Кларисса, ее бледность, строгий вид директора…

Шарло понял все.

Стало быть, она сдержала слово.

На минуту на его наглом и грубом лице появилось выражение дикой растерянности, растерянности загнанного в угол человека, который, чтобы выбраться из тупика, способен пойти даже на убийство, затем он пошатнулся, будто сломленный жестокой внутренней борьбой, и рухнул на колени возле письменного стола.

— Простите! — пробормотал он.

Директор жестом приказал ему подняться.

— Избавьте нас от униженных просьб и слез. Нас этим не удивишь. Перейдем к делу. Эта женщина ради вас обокрала собственного мужа и дочь. Вы пообещали вернуть ей деньги через два дня…

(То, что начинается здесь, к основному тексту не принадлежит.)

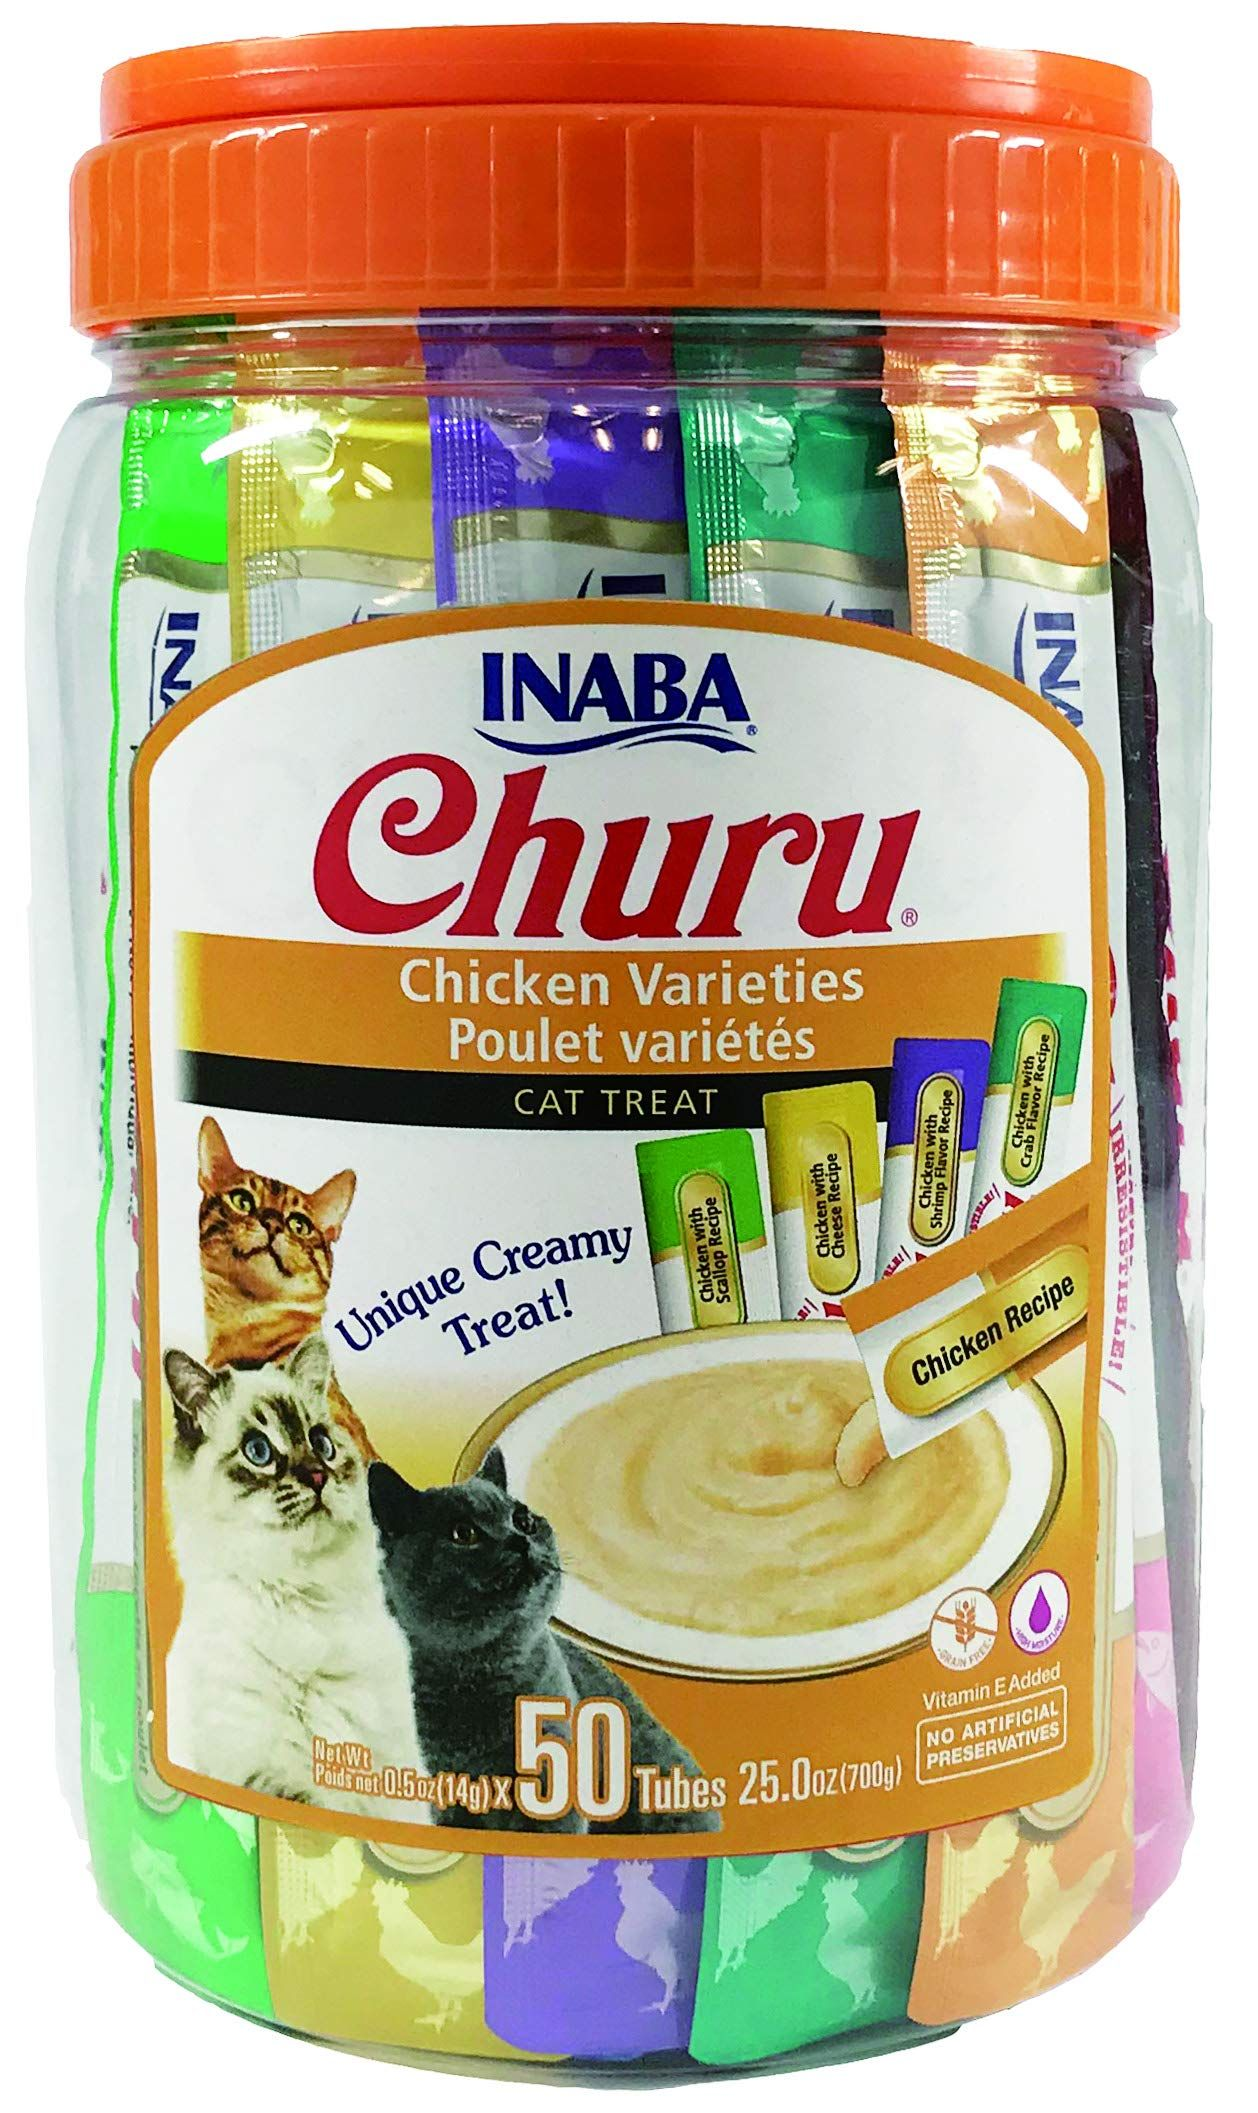 Inaba Churu Lickable Creamy Puree Cat Treats 5 Flavor Chicken Variety Canister Of 50 Tubes Click On Th In 2020 Cat Treats Natural Cat Treats Freeze Dried Dog Treats
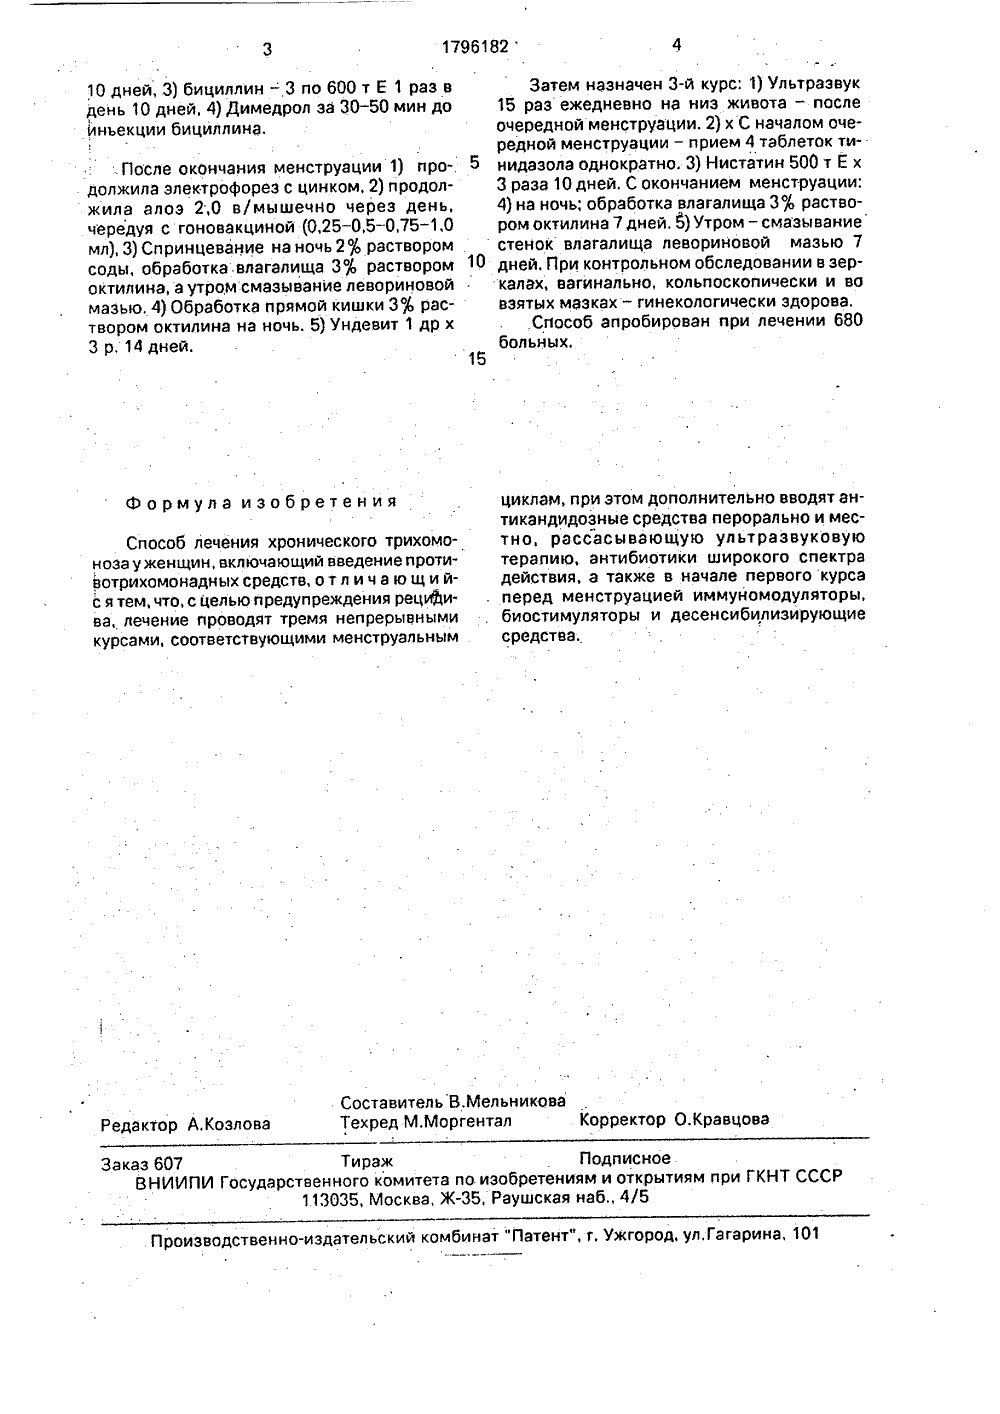 Схема лечения хронич трихомоноза фото 897

Нантец с невыразимой признательностью поглядел на свою любовницу, спасавшую его ценою лжи, но Кларисса даже не посмотрела в его сторону. Ей уже не хотелось на него смотреть. Слишком хорошо она разглядела его в ночь преступления!

— Где же деньги? — спросил директор.

— Вот… Я принес…

Он и в самом деле привез их, но, не застав Клариссу дома, поспешил унести и уже направлялся в игорный дом, чтобы снова попытать счастья. Это был отчаянный игрок.

Директор взял кредитные билеты, которые Шарло положил на стол.

— Тут всё?

— Не хватает восьмисот франков… — с запинкой ответил Нантец.

— Ну да, понятно. Припрятали для вечерней игры.

— Нет, клянусь вам. Я их проиграл. Я их верну.

— Не трудитесь. С вас больше ничего не требуют. Я сам добавлю эти восемьсот франков. Я не хочу, чтобы бедная девочка потеряла хотя бы одно су из обещанного ей приданого. Теперь надо только объяснить Рудику, каким образом деньги исчезли и как опять нашлись. Садитесь и пишите.

Директор на минуту задумался, а Нантец тем временем сел за письменный стол и взял перо. Кларисса подняла голову. Она ждала. Это письмо сулило ей жизнь или смерть.

— Пишите: «Господин директор! Под влиянием минутного помешательства я взял шесть тысяч франков из шкафа Рудиков…»

Нантец вздрогнул, будто хотел что-то возразить, но испугался Клариссы, и таким образом жестокая, беспощадная правда всплыла наружу.

— «Рудиков»… — повторил он последнее слово директора.

А тот продолжал диктовать:

— «…Вот эти деньги… Я не в силах дольше держать их у себя. Они жгут мне пальцы… Освободите несчастных, которых заподозрили по моей вине, и умолите дядю простить меня. Передайте ему, что я покидаю завод и уезжаю, я не смею даже повидаться с ним. Я возвращусь только тогда, когда трудом и раскаянием заслужу право пожать руку порядочного человека». Теперь поставьте дату… и подпишитесь…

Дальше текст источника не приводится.